═════ Dataset content

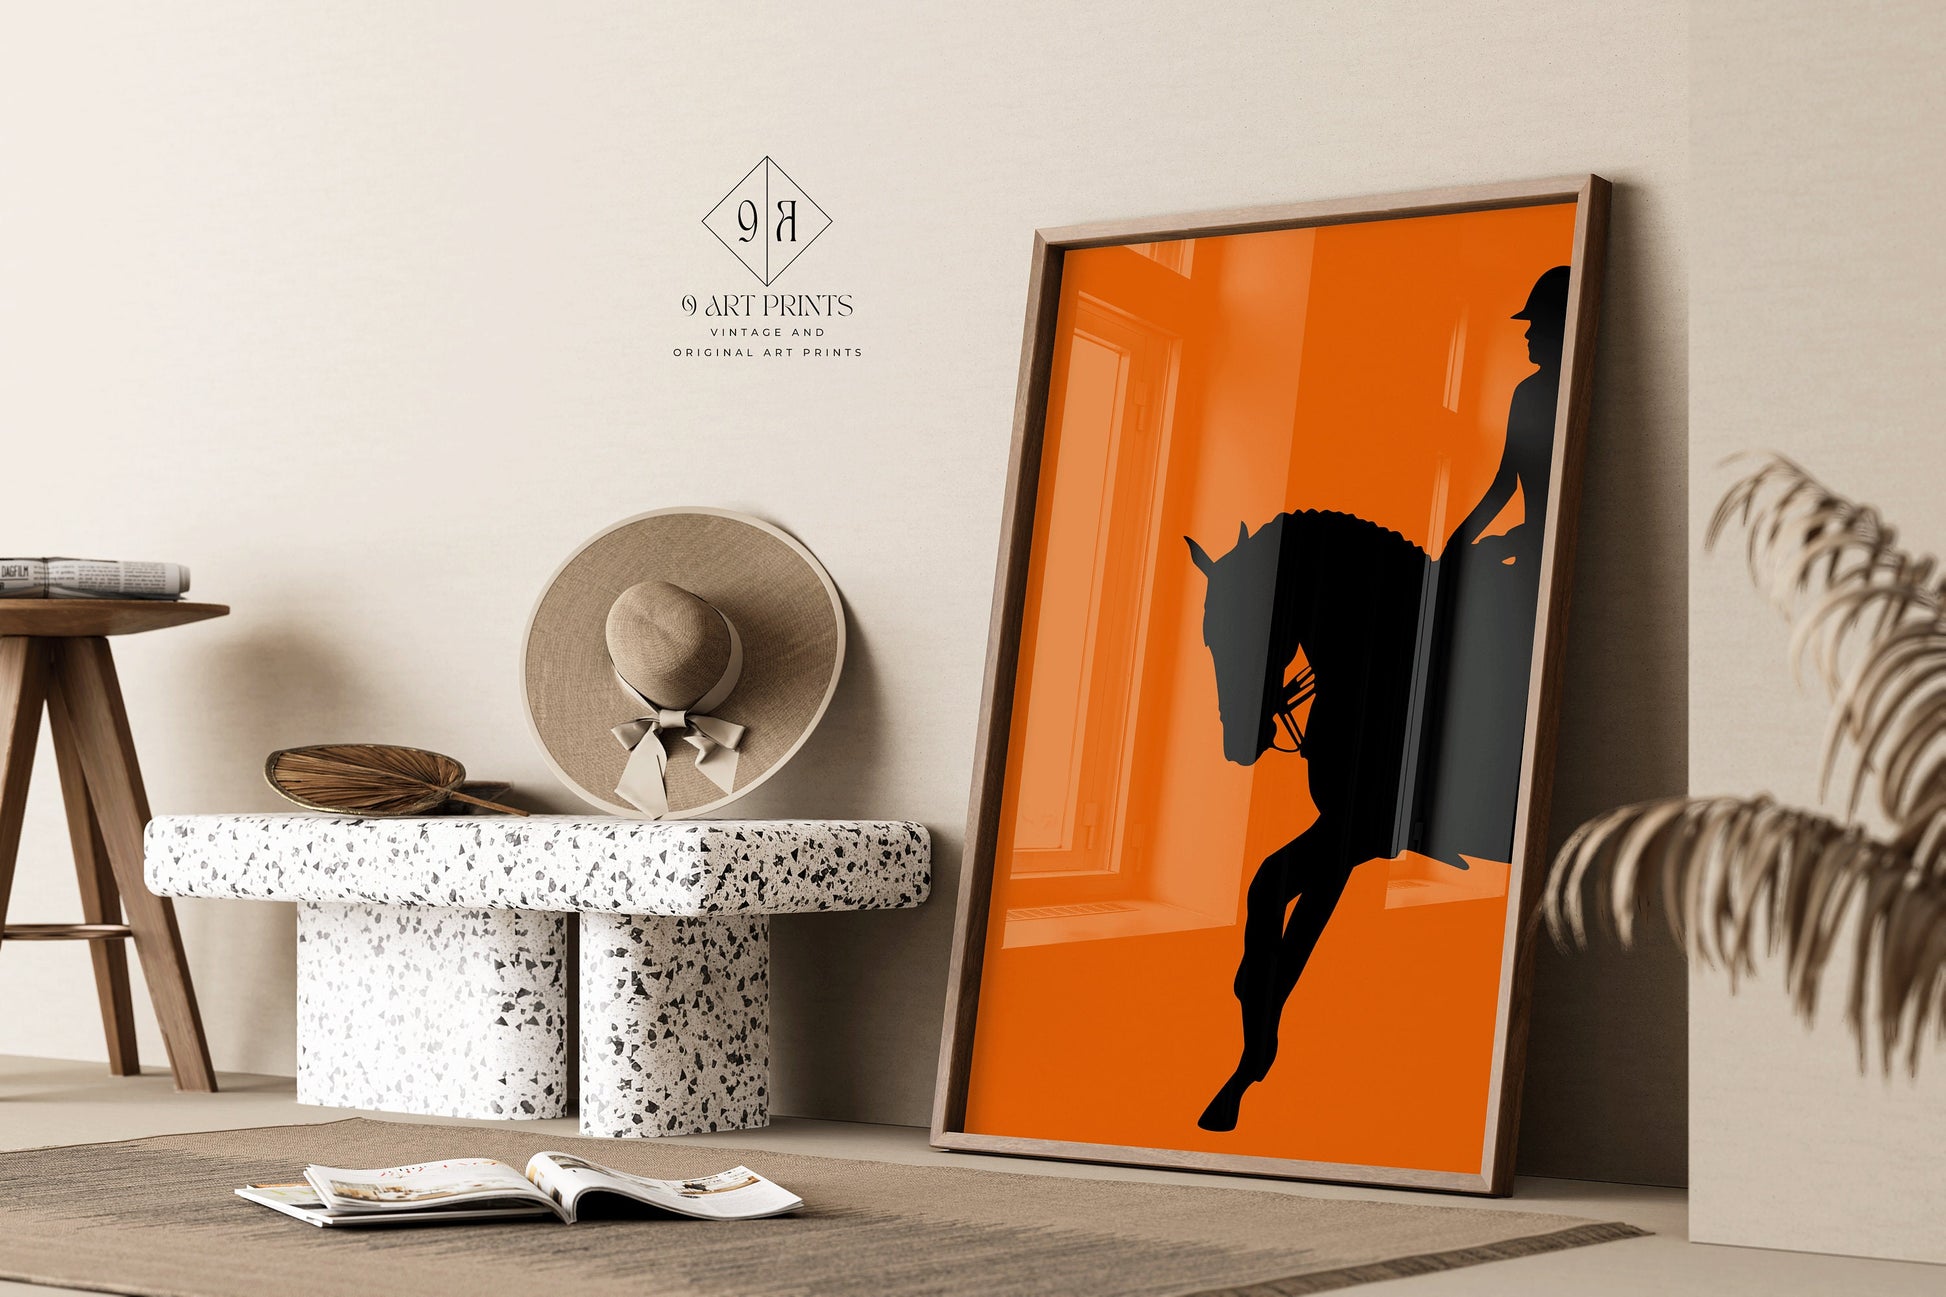 Dressage Horse and Rider Poster in Orange | Equestrian Art (available framed or unframed)
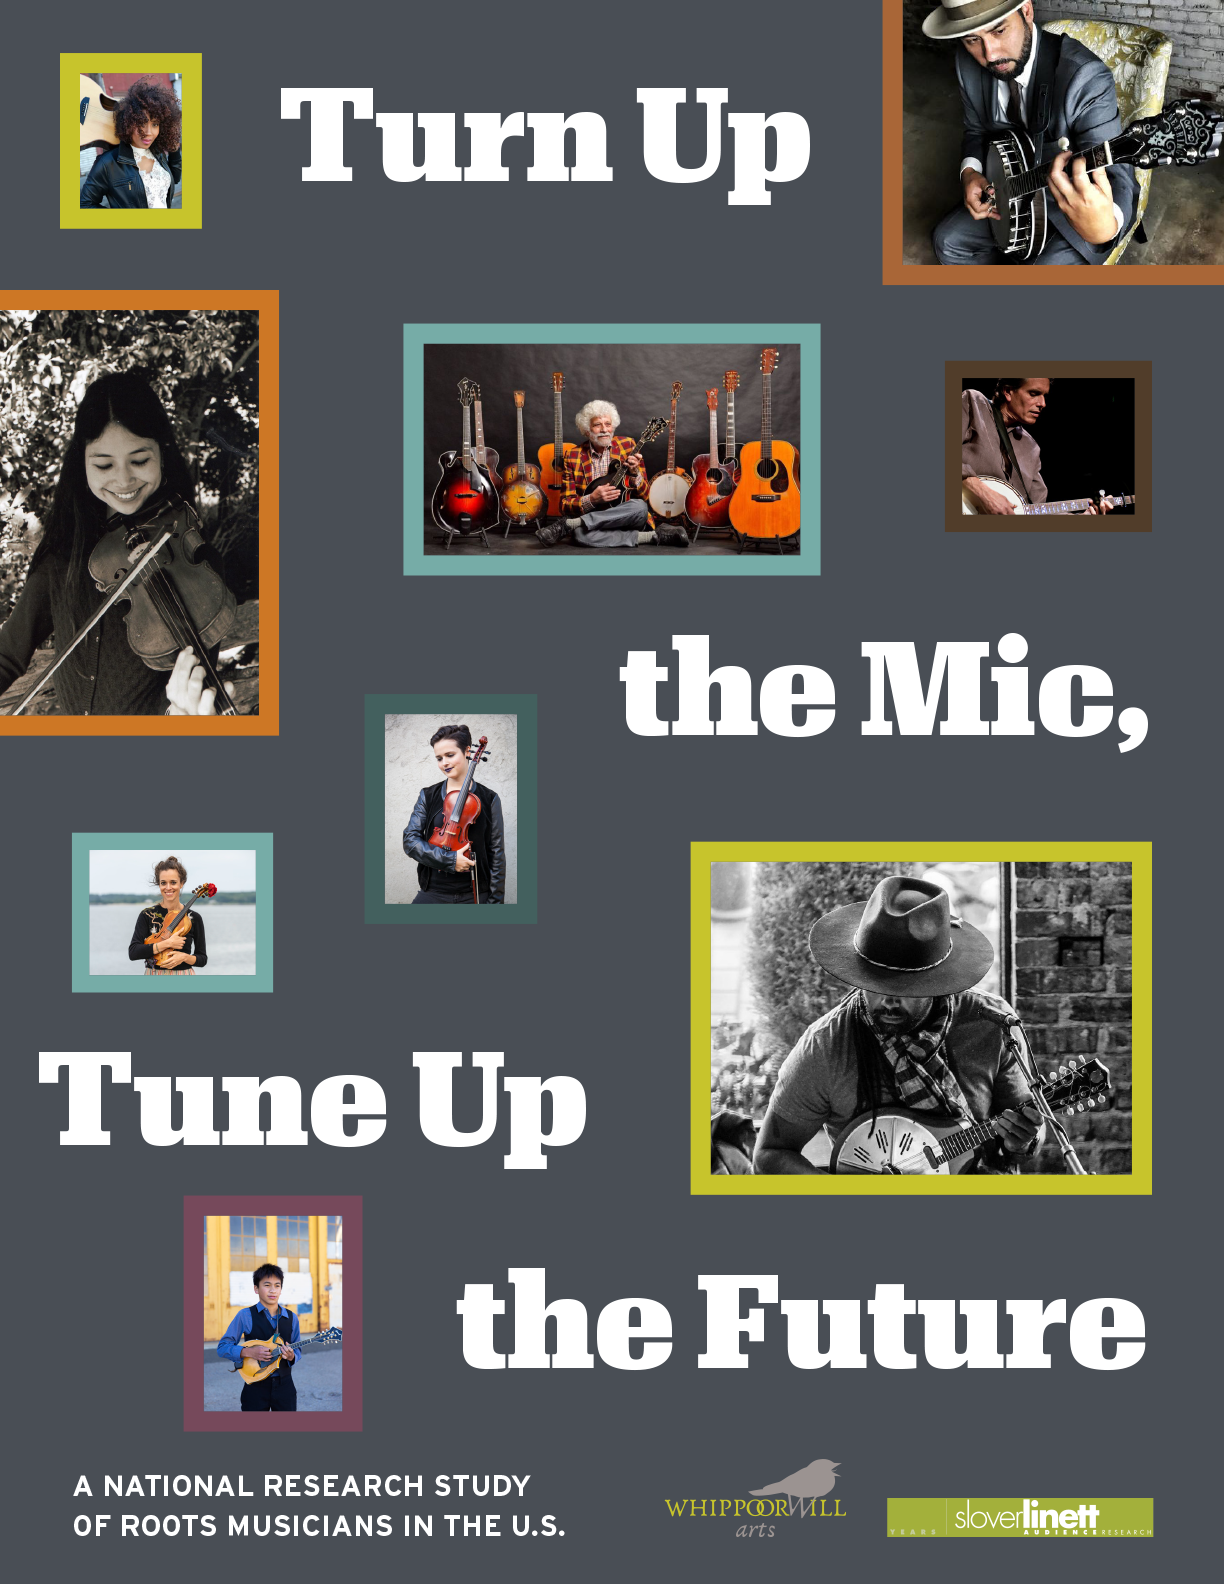 1-UPDATE Turn Up the Mic report - Findings from a 2021 national survey of roots musicians - Whippoorwill Arts and Slover Linett-1.png
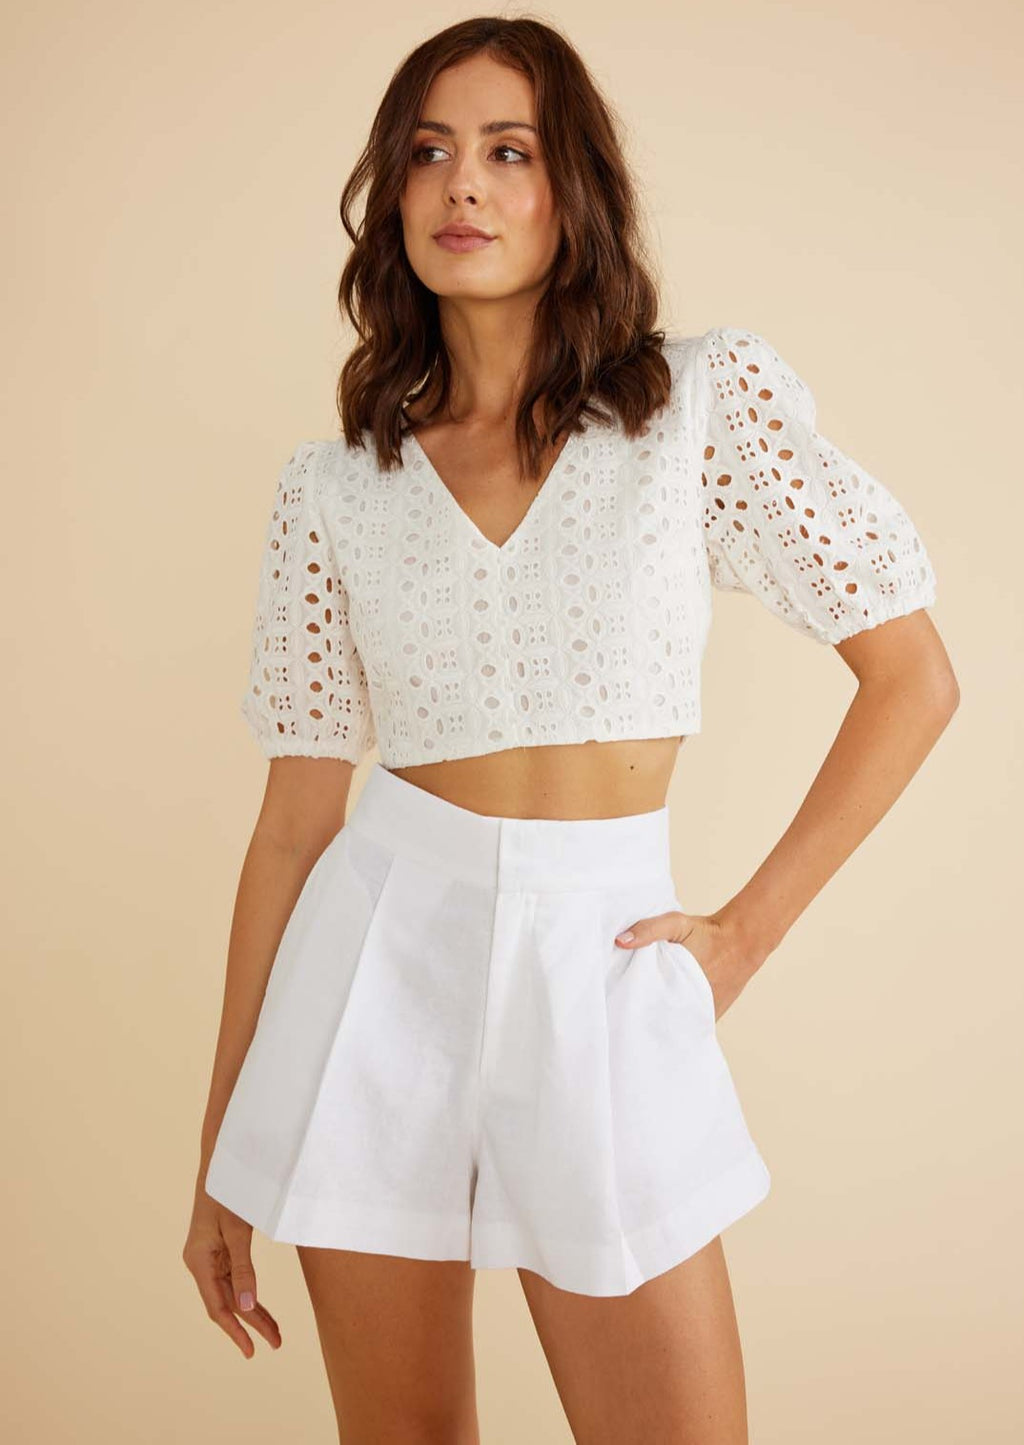 Noa Short - White, by MinkPink The Noa Short is the perfect summer basic. Featuring front pleats and a flat waistband, these shorts are both versatile and elevated. Pair with the Amina Wrap Blouse.  - Front pleats - Flat thick waistband - Pockets - Concealed fly front

══════════

Task prompt: Could you return the whole listing exactly, with every picture removed?

Output for this task:
 Dressage Horse and Rider Poster in Orange | Equestrian Art (available framed or unframed)
 1-UPDATE Turn Up the Mic report - Findings from a 2021 national survey of roots musicians - Whippoorwill Arts and Slover Linett-1.png
 Noa Short - White, by MinkPink The Noa Short is the perfect summer basic. Featuring front pleats and a flat waistband, these shorts are both versatile and elevated. Pair with the Amina Wrap Blouse.  - Front pleats - Flat thick waistband - Pockets - Concealed fly front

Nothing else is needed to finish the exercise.